== HOW TO COMPLETE THIS TASK ==
The whole listing that follows is to be restated word for word, images excluded.

** Opening DATA BLOCK block **

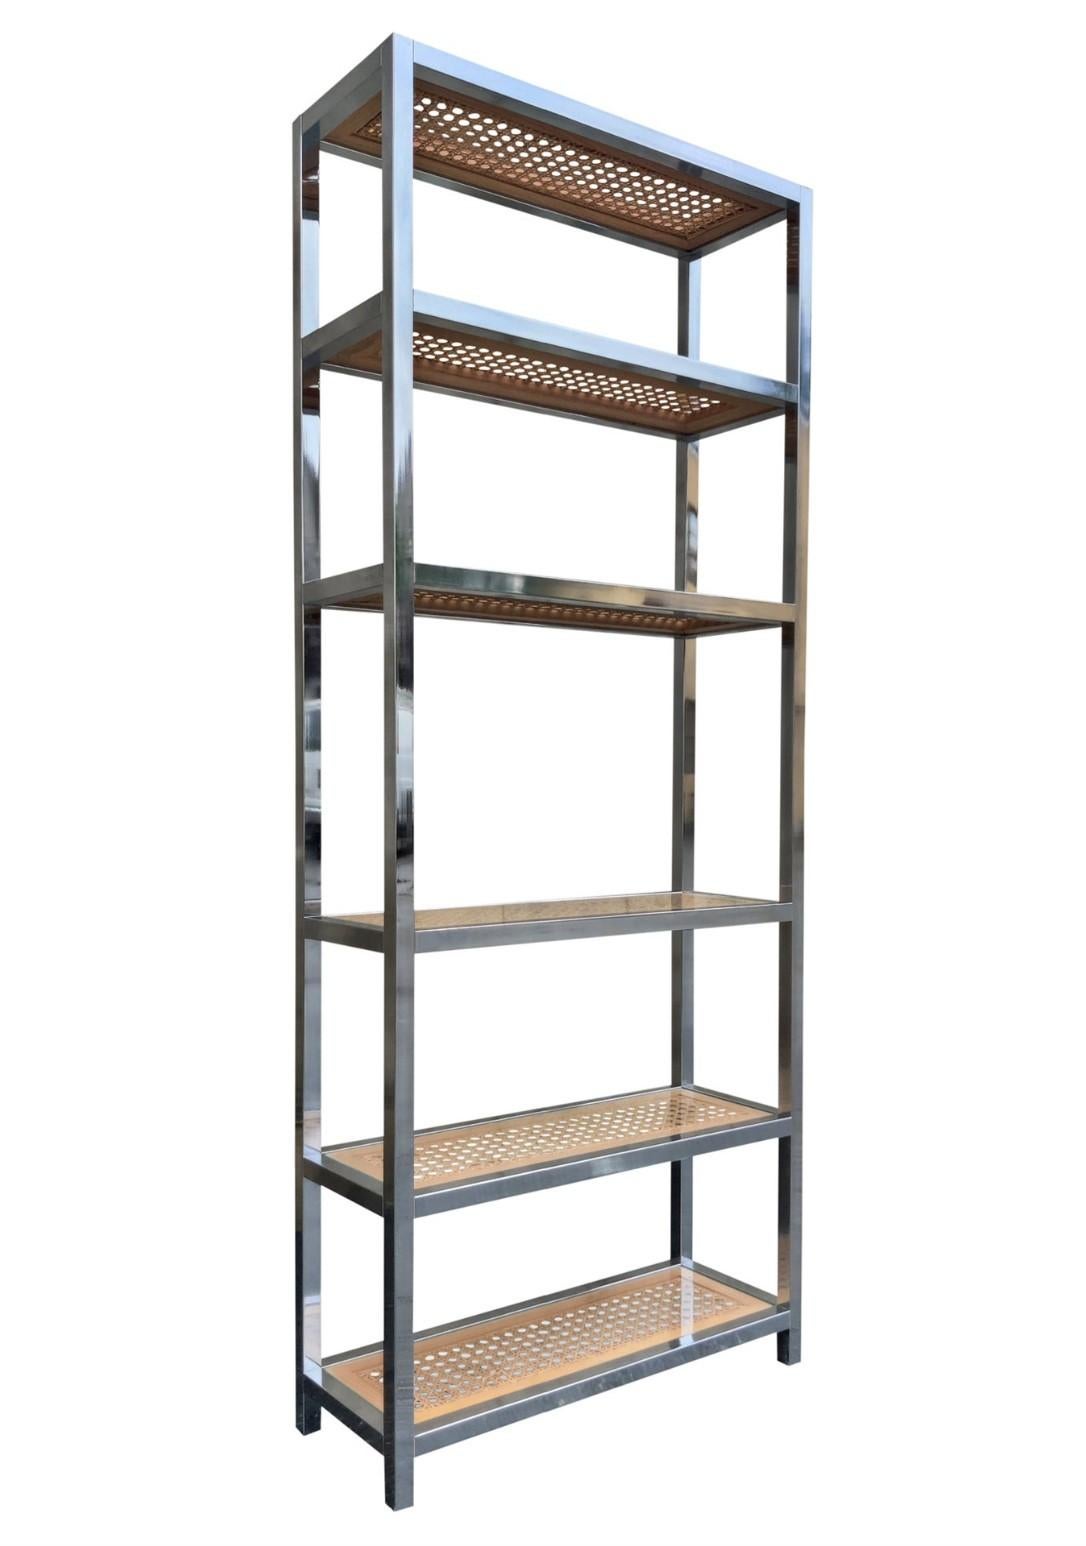 This tall, narrow, and elegant etagere was designed in the 1980s in the style of Gabriella Crespi or Milo Baughman, who is famous in part for his iconic etagere designs. This example is made of 1 1/4 inch thick chromed steel for the frame and has 6
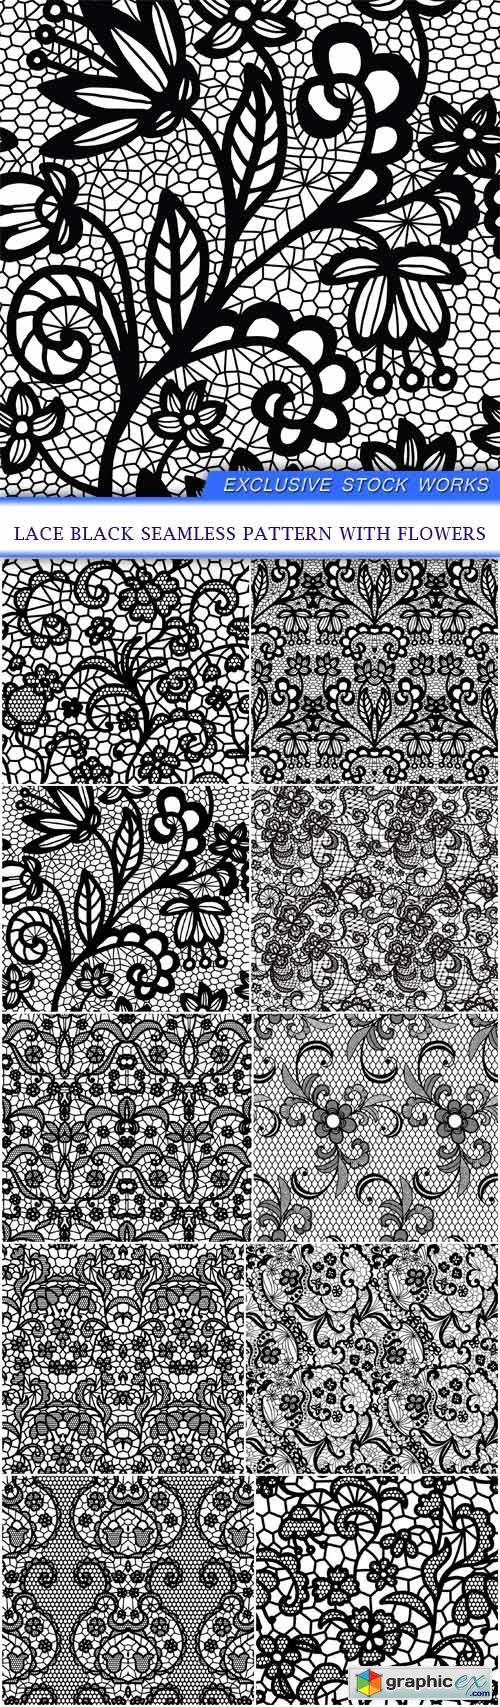 Lace black seamless pattern with flowers 10X EPS
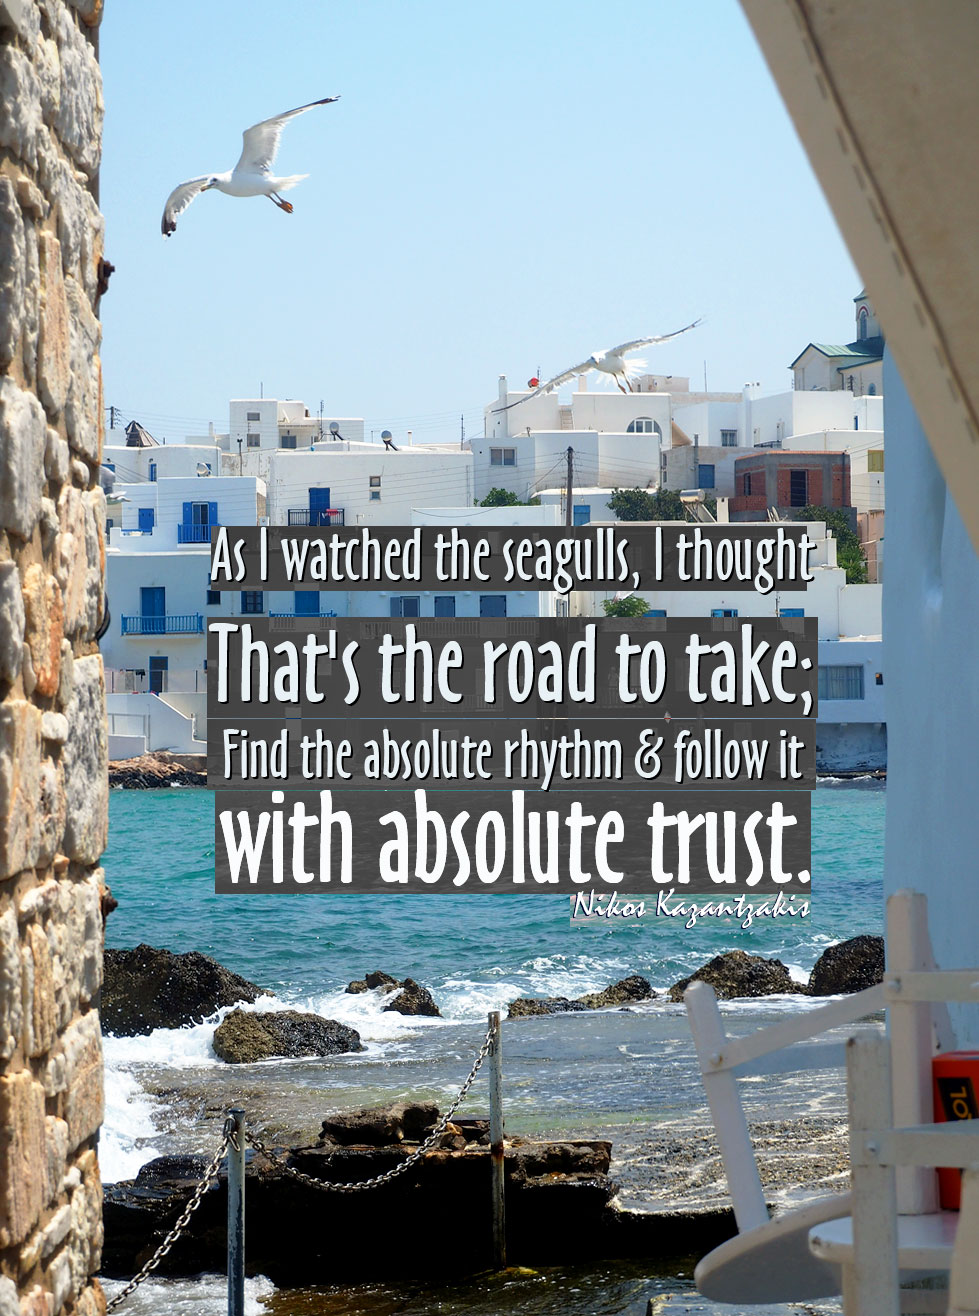 As I watched the seagulls, I thought: That's the road to take; find the absolute rhythm and follow it with absolute trust, Nikos Kazantzakis quotes

** Closing DATA BLOCK block **

== RESPONSE AREA ==
 This tall, narrow, and elegant etagere was designed in the 1980s in the style of Gabriella Crespi or Milo Baughman, who is famous in part for his iconic etagere designs. This example is made of 1 1/4 inch thick chromed steel for the frame and has 6
 Lace black seamless pattern with flowers 10X EPS
 As I watched the seagulls, I thought: That's the road to take; find the absolute rhythm and follow it with absolute trust, Nikos Kazantzakis quotes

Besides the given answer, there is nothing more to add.